__DATA UNDER STUDY__.

* * * *

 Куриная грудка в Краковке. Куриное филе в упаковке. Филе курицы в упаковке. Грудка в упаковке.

* * * *

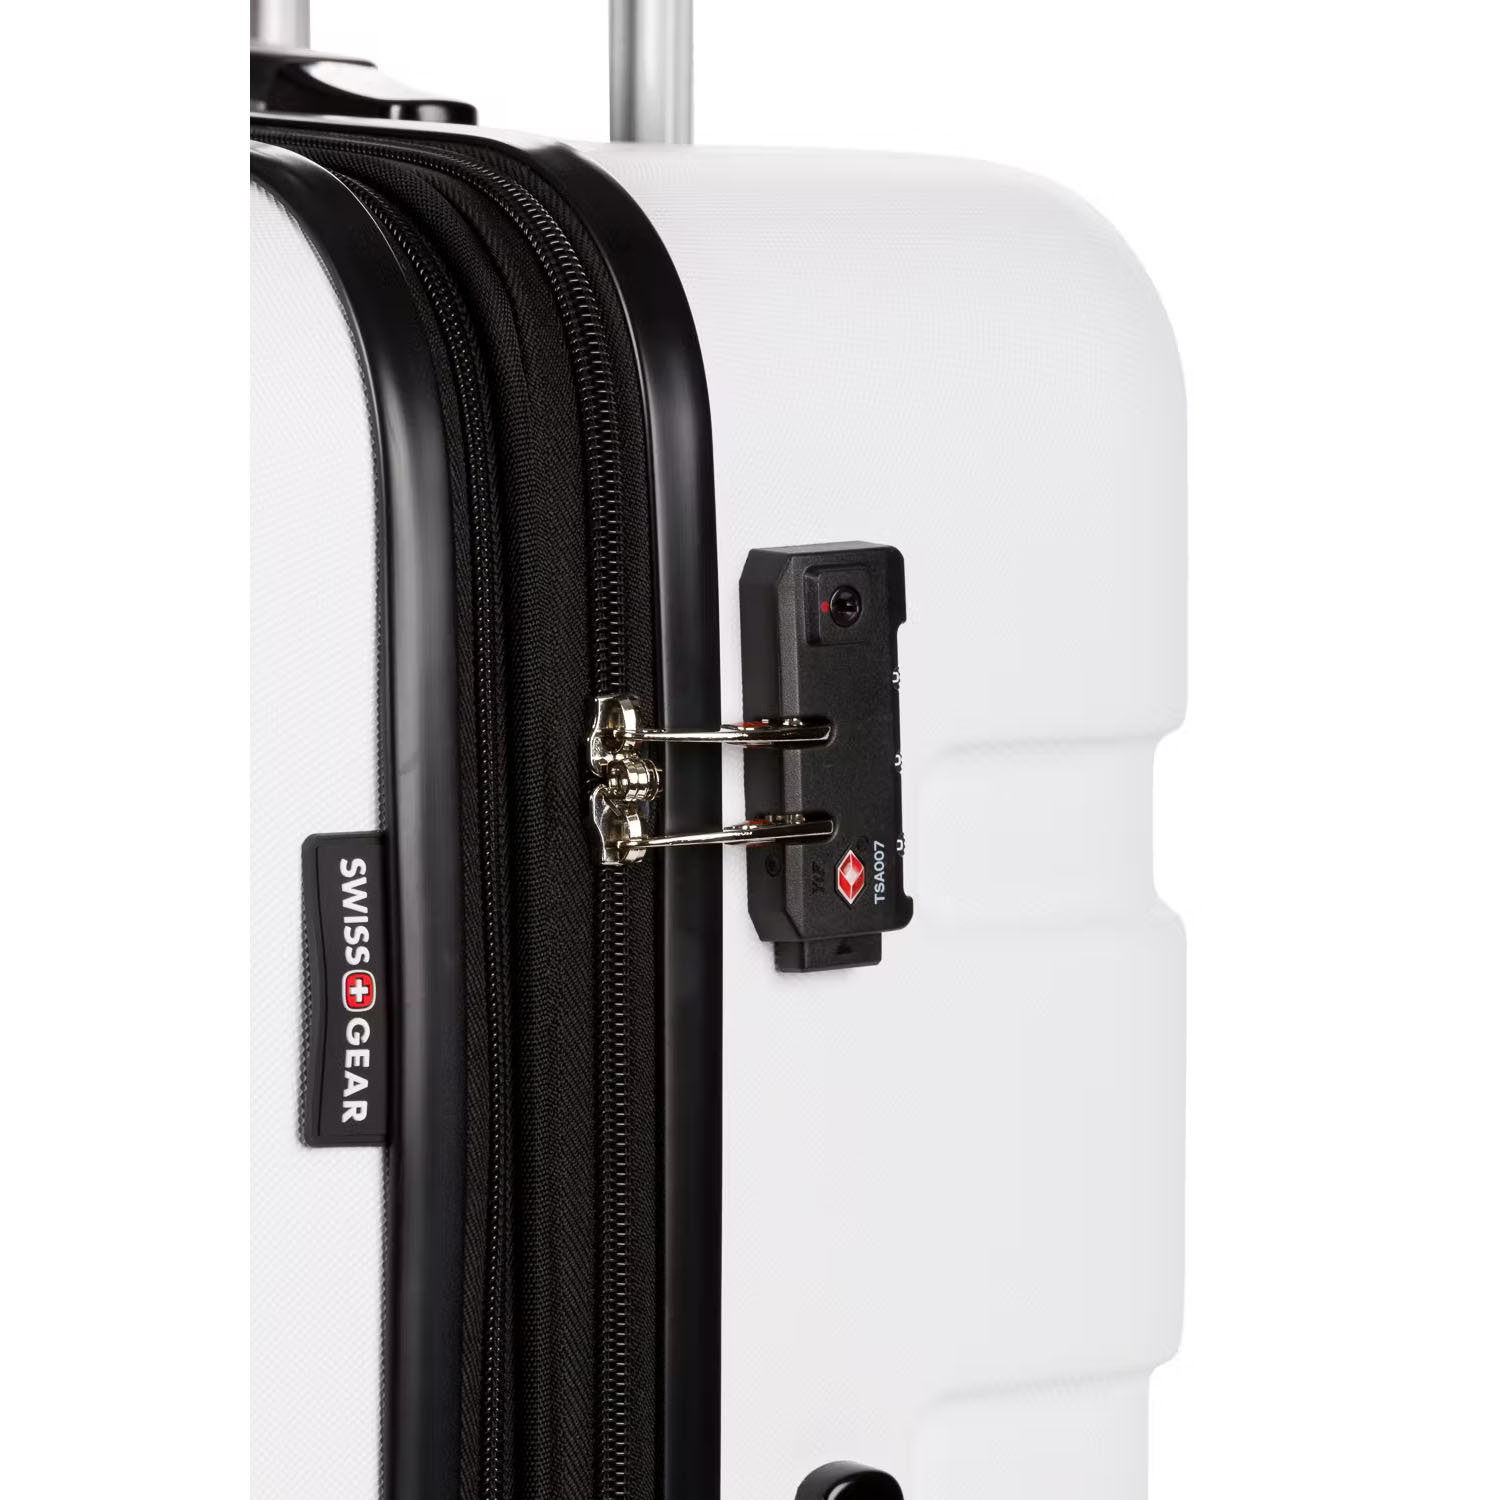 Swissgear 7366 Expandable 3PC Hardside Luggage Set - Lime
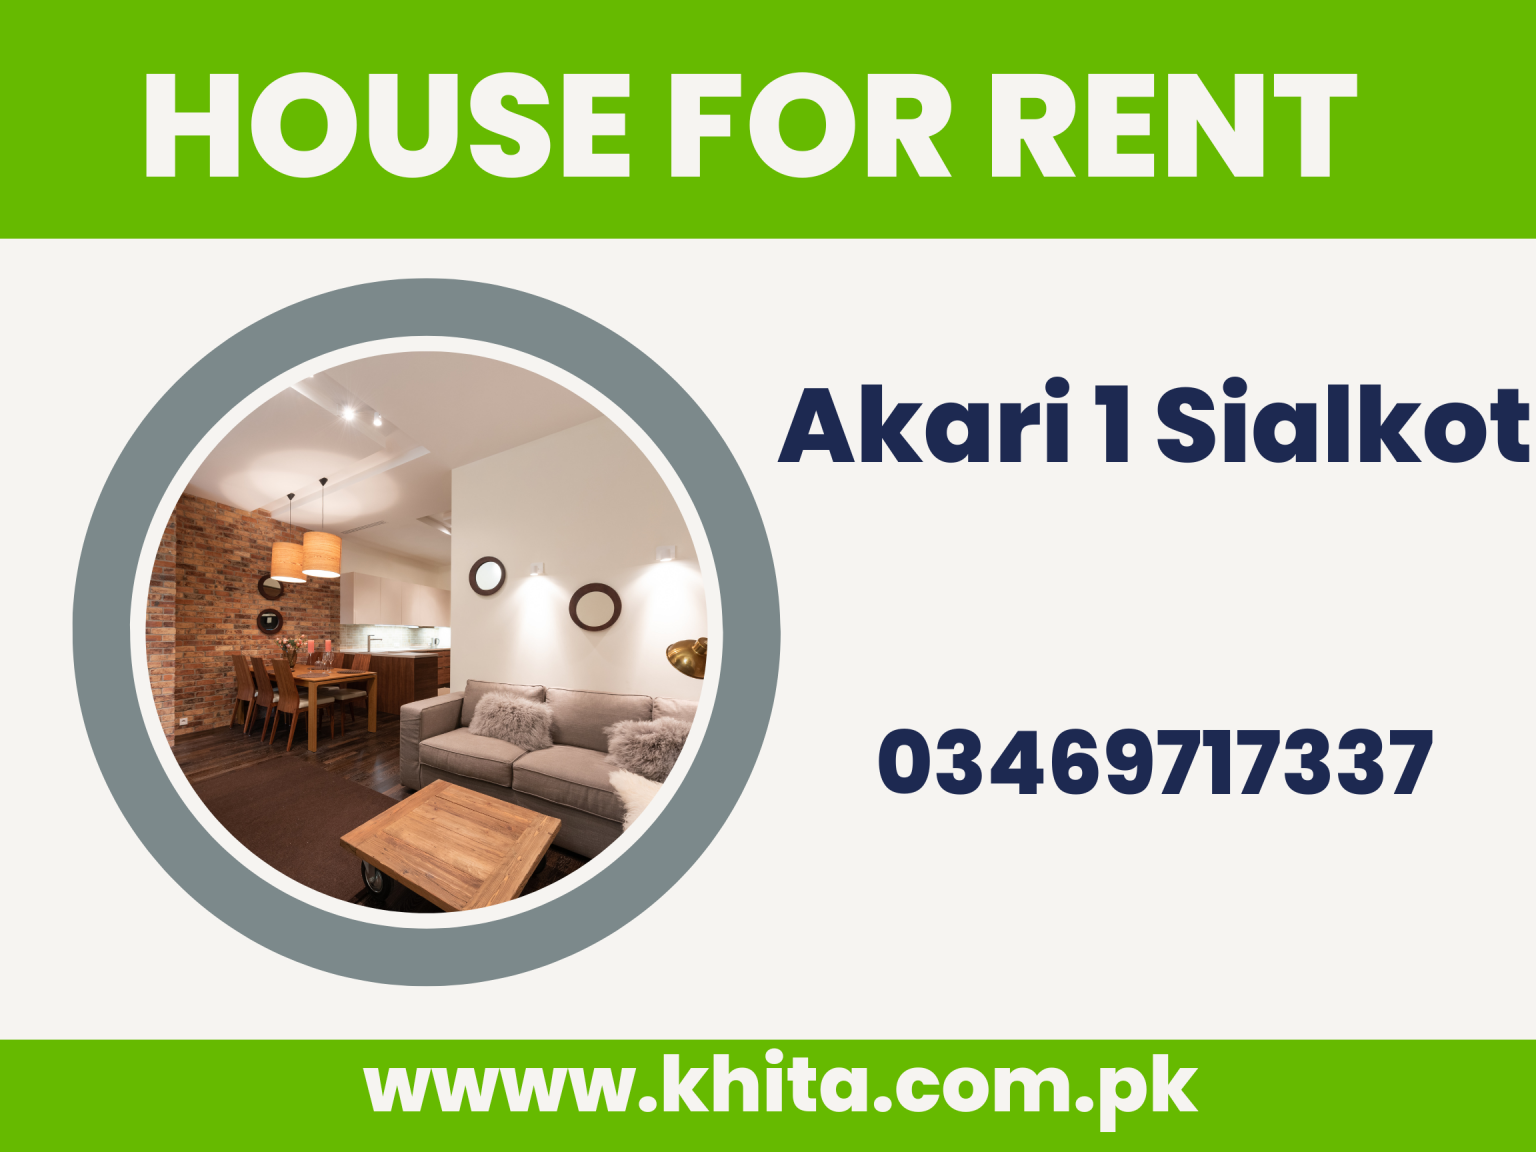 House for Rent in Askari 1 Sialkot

* * * *

__WHAT YOU NEED TO DO__. Here the job is to copy the listing above word for word, starting at the line with "Swissgear 7366 Expandable" and ending at the line with "House for Rent in Askari 1 Sialkot", and to leave out the pictures.

__ANSWER SECTION__.
 Swissgear 7366 Expandable 3PC Hardside Luggage Set - Lime
 House for Rent in Askari 1 Sialkot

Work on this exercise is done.